» Task goal
Transcribe the entries exactly as they stand below, passing over any picture.

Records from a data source
********************
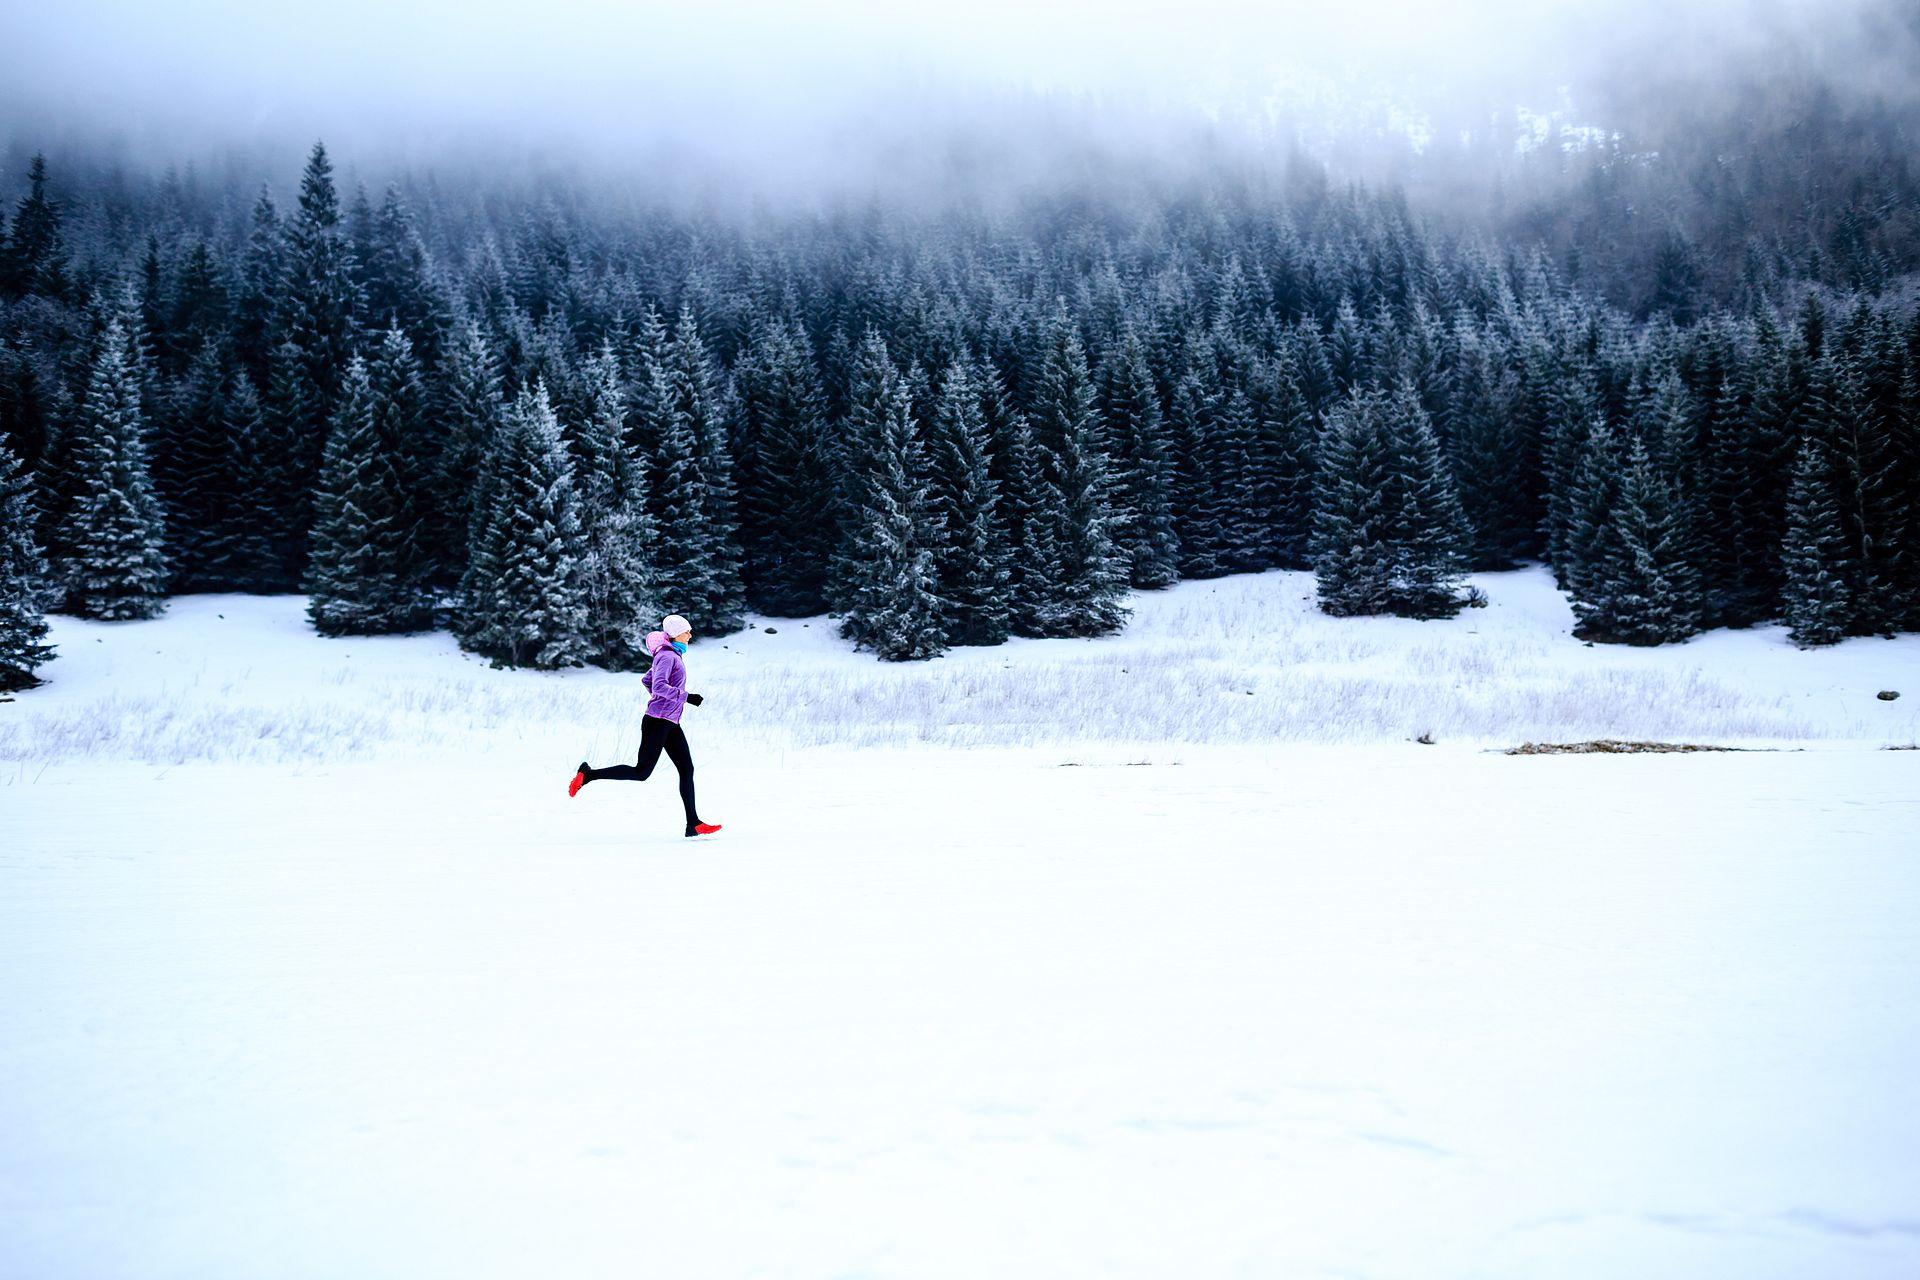 A woman wearing warm clothes runs through a snowy field
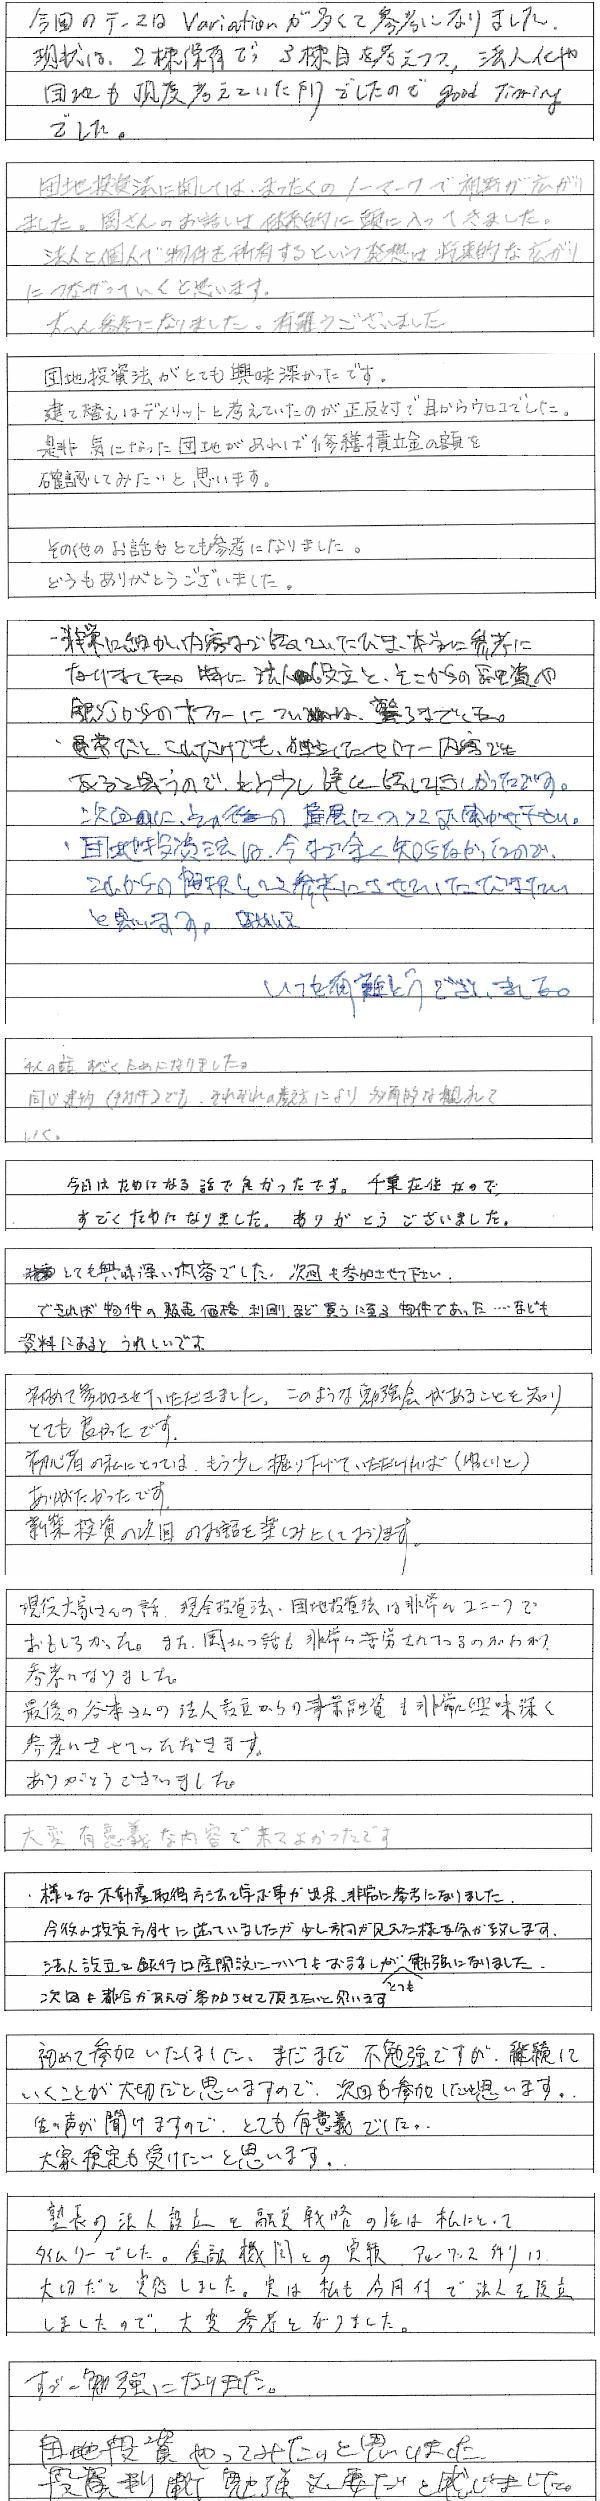 kanso_2013_09_14_1.jpg
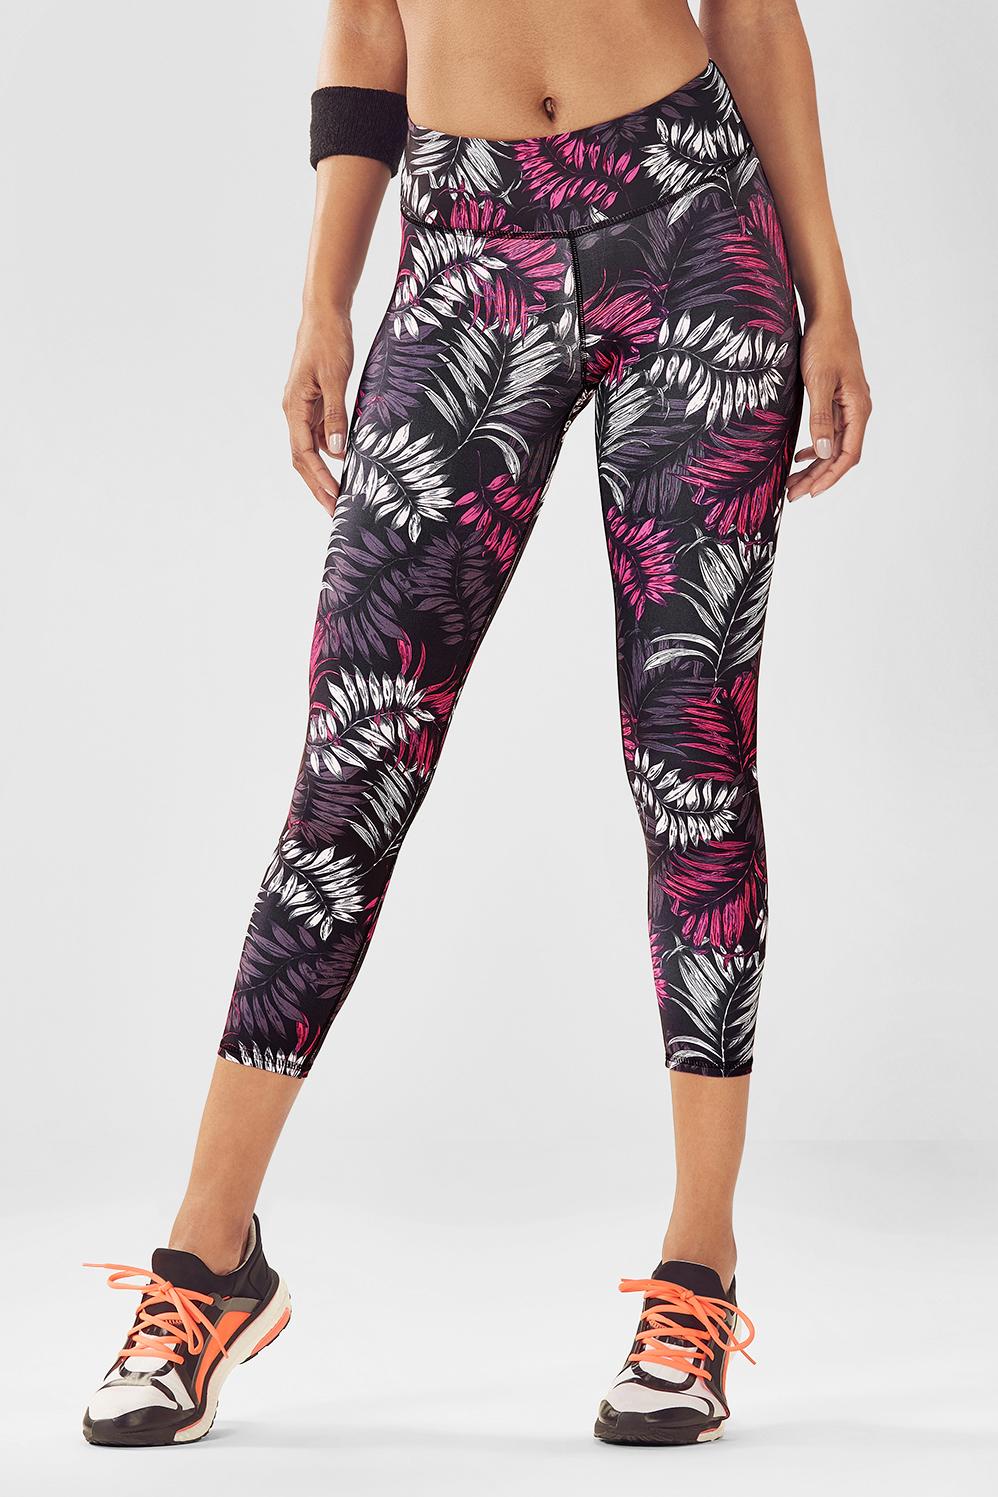 Fabletics Capri Salar Printed Powerlite Womens Pink Size L
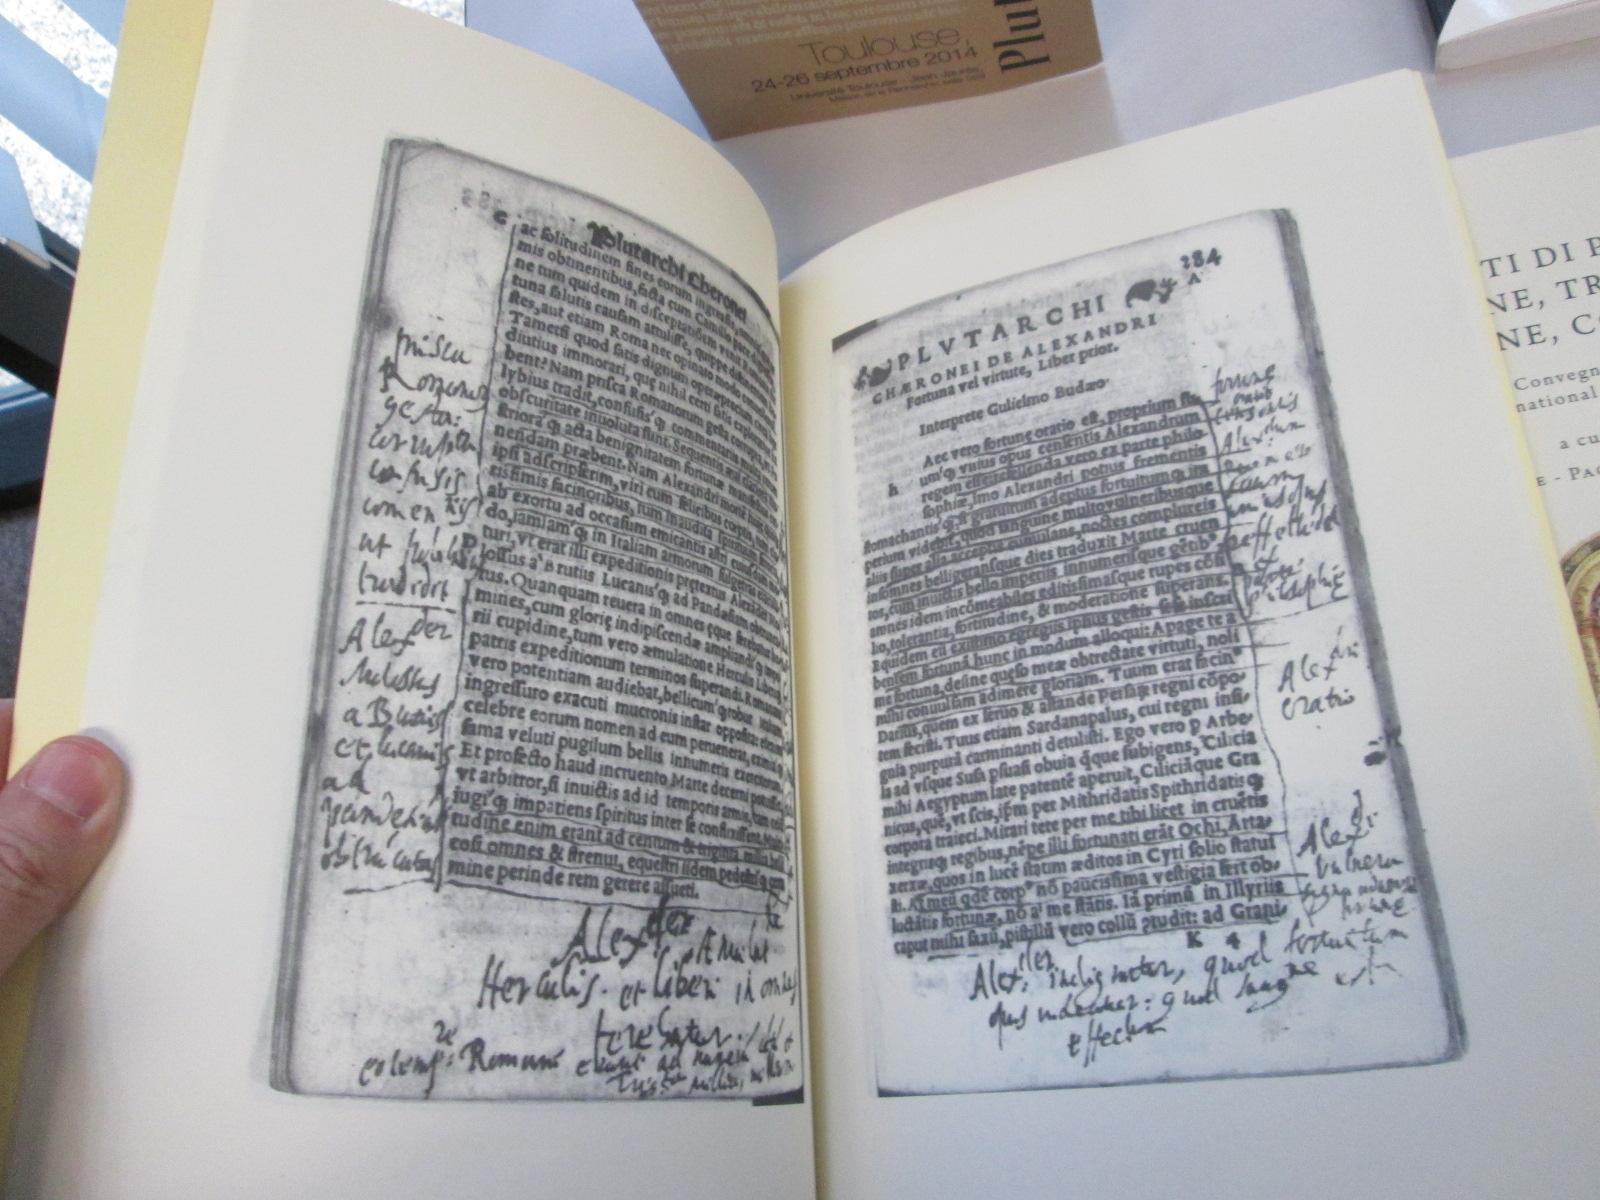 """El facsímil sobre """"La respuesta de Roma a Plutarco"""" escrita por Tasso, en la preciosa edición de la profesora Volpe"""
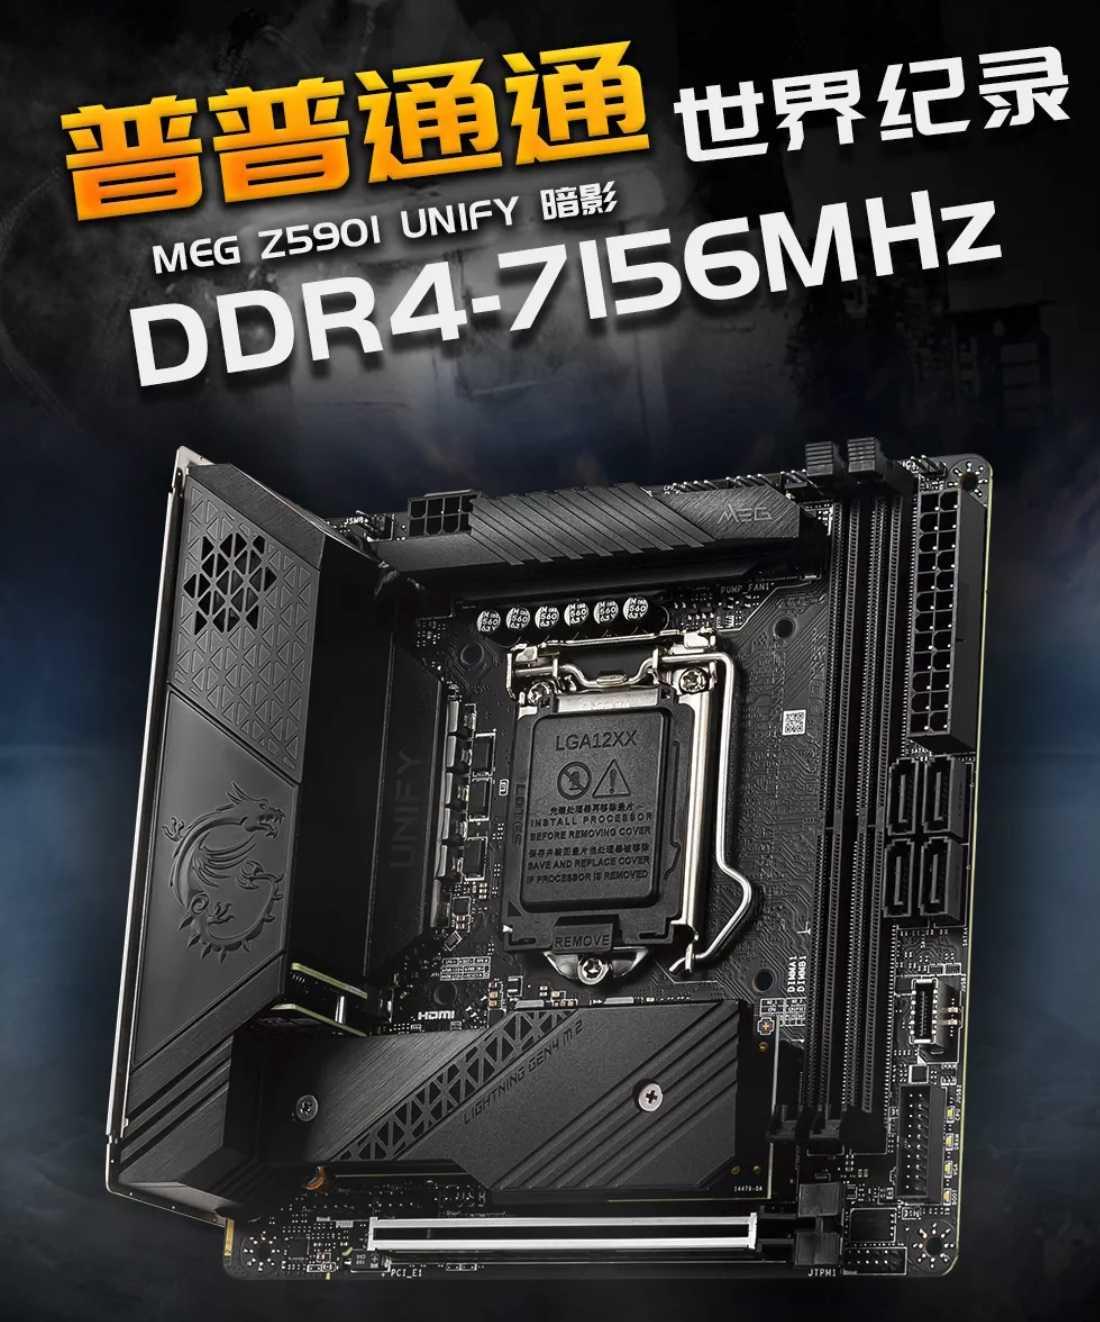 微星:Z590 主板 CPU / 内存超频双双破 7GHz
********************
» Answer box
 A woman wearing warm clothes runs through a snowy field
 kanso_2013_09_14_1.jpg
 Fabletics Capri Salar Printed Powerlite Womens Pink Size L
 """El facsímil sobre """"La respuesta de Roma a Plutarco"""" escrita por Tasso, en la preciosa edición de la profesora Volpe"""
 微星:Z590 主板 CPU / 内存超频双双破 7GHz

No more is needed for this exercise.